Отменные, хрена лысого.

Спектакль был ничего так себе, видал я и похуже. Хотя хероватенький все-таки. Про где-то пятьсот тыщ лет из жизни одной такой пары. Начинается, когда они молодые и всяко-разно, и девкины предки не хотят, чтоб она за пацана выходила, только она за него все равно выходит. А потом они все старше и старше. Муж идет на войну, а у жены есть этот брат, который забулдыга. Ну чего тут интересного? В смысле, наплевать мне, когда кто-то там у них в семье помирает или как-то. Все равно актеры, чего с них взять. Муж и жена — вполне нормальная, кстати, парочка, сильно остроумные и всяко-разно, только все равно не сильно интересно. Во-первых, всю пьесу они пили чай или еще какую — то, нафиг, хрень. Как увидишь их, так какой-нибудь дворецкий обязательно сует им под нос чай, или жена кому-нибудь наливает. И все постоянно входят и выходят — голова просто кругом идет от того, как они все там садятся и встают. Алфред Лунт и Линн Фонтанн играли пару в старости, и они были ничего так, но не очень мне в жилу.

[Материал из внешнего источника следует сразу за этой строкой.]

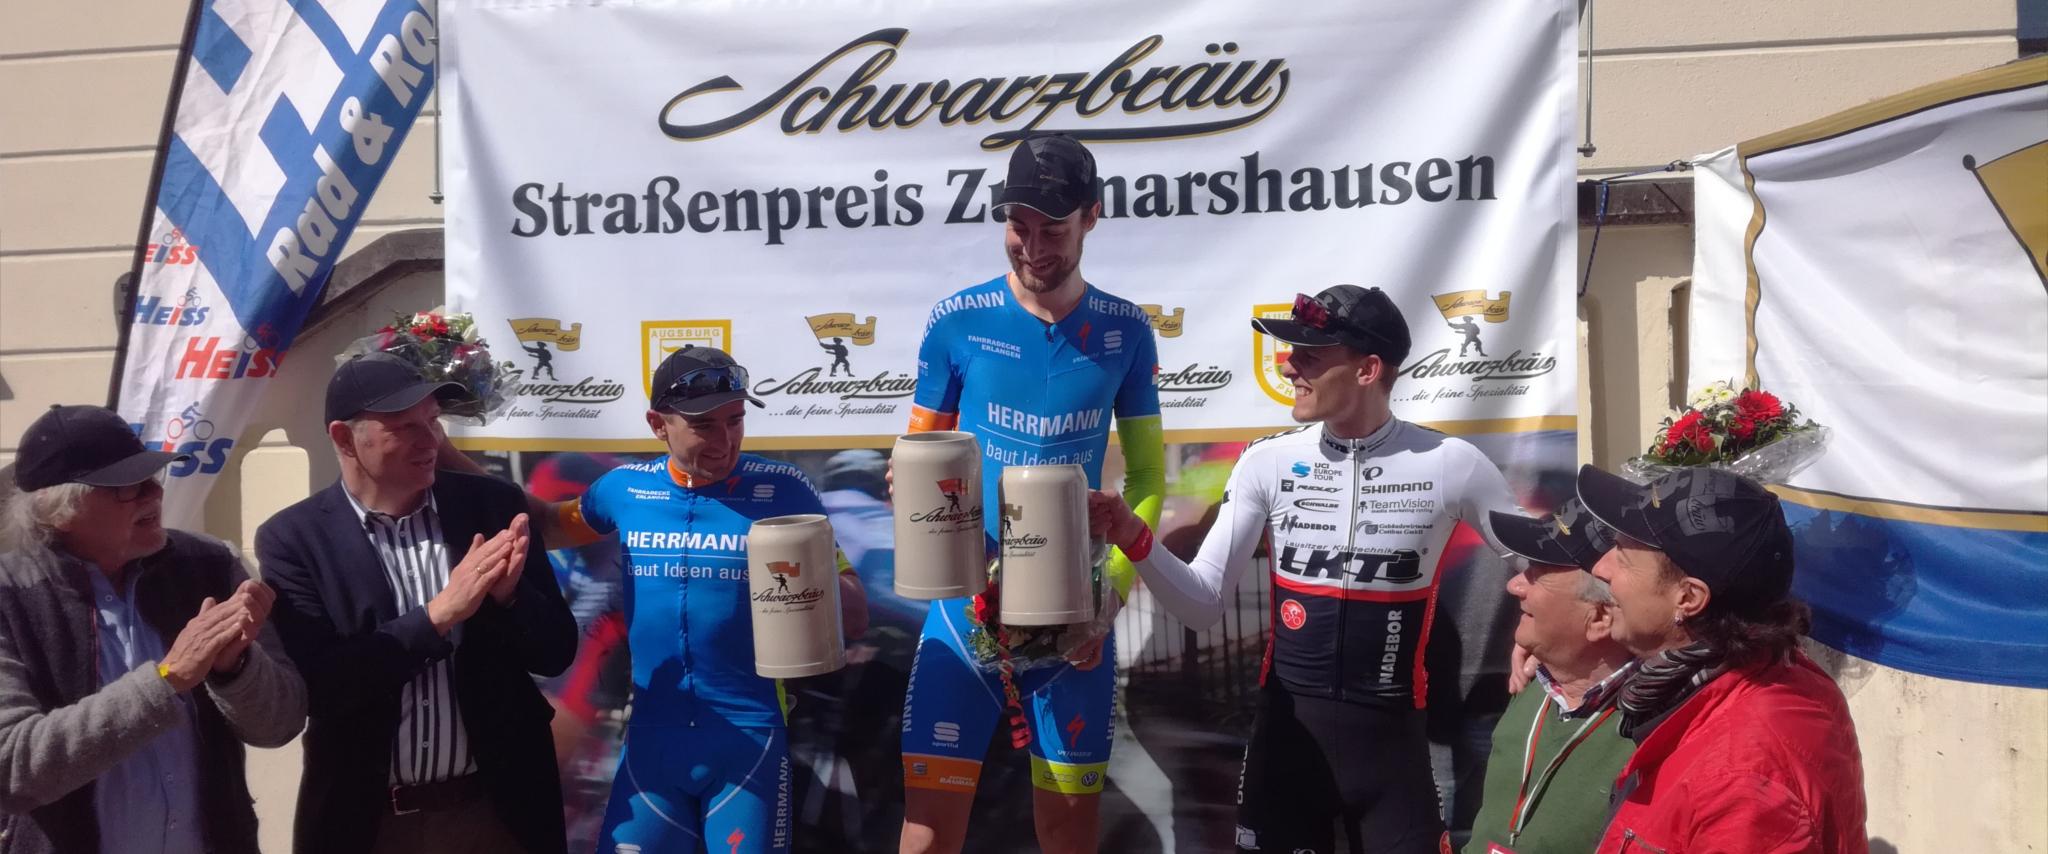 Schwarzbräupreis 2018
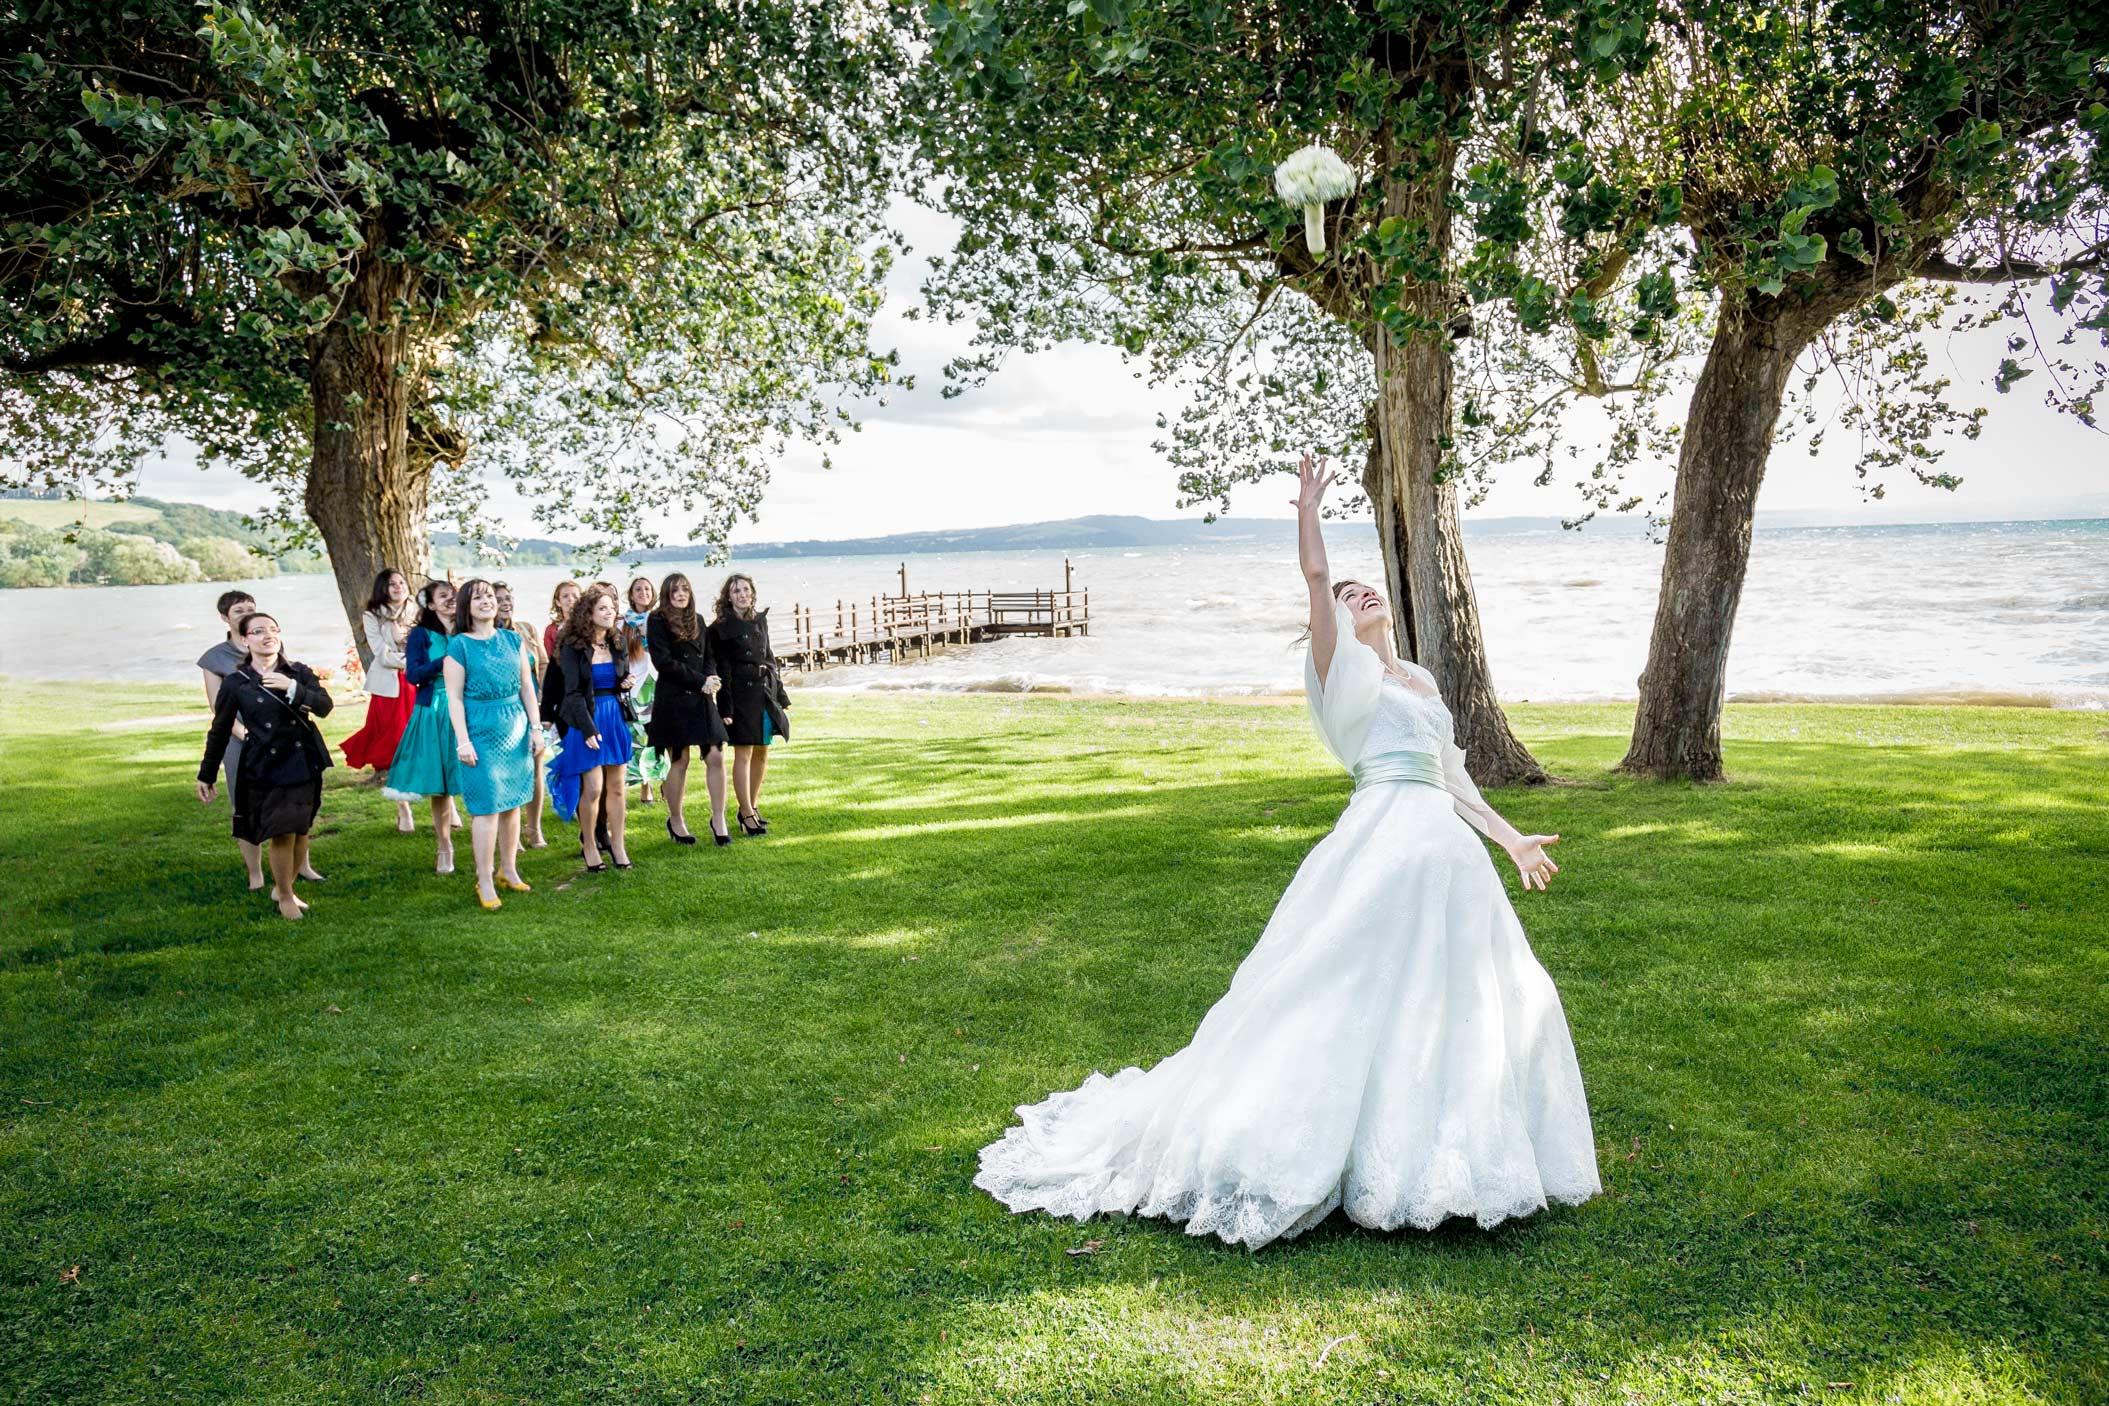 Fotografo-Matrimonio-Reportage-Ricevimento

А от прочих отличались точняк. Они там вели себя не как люди — и не как актеры тоже. Трудно объяснить. Они больше себя вели так, будто знают, что знаменитости и всяко-разно. В смысле, хорошие — но слишком уж хорошие. Когда один заканчивал толкать речугу, другой сразу после что-нибудь очень быстро говорил. С понтом, должно изображать, как люди по-честному разговаривают и перебивают друг друга, и всяко-разно. Засада только в том, что это было слишком уж как люди разговаривают и перебивают. Они вели себя, совсем как этот Эрни в Виллидже на пианино играет. Если делаешь что-нибудь слишком хорошо, немного погодя, если не следить, начинаешь выпендриваться. И тогда у тебя все уже не так хорошо. Но по-любому они одни такие во всем спектакле были — эти Лунты, в смысле, — у кого видно, что есть мозги. Никуда не денешься.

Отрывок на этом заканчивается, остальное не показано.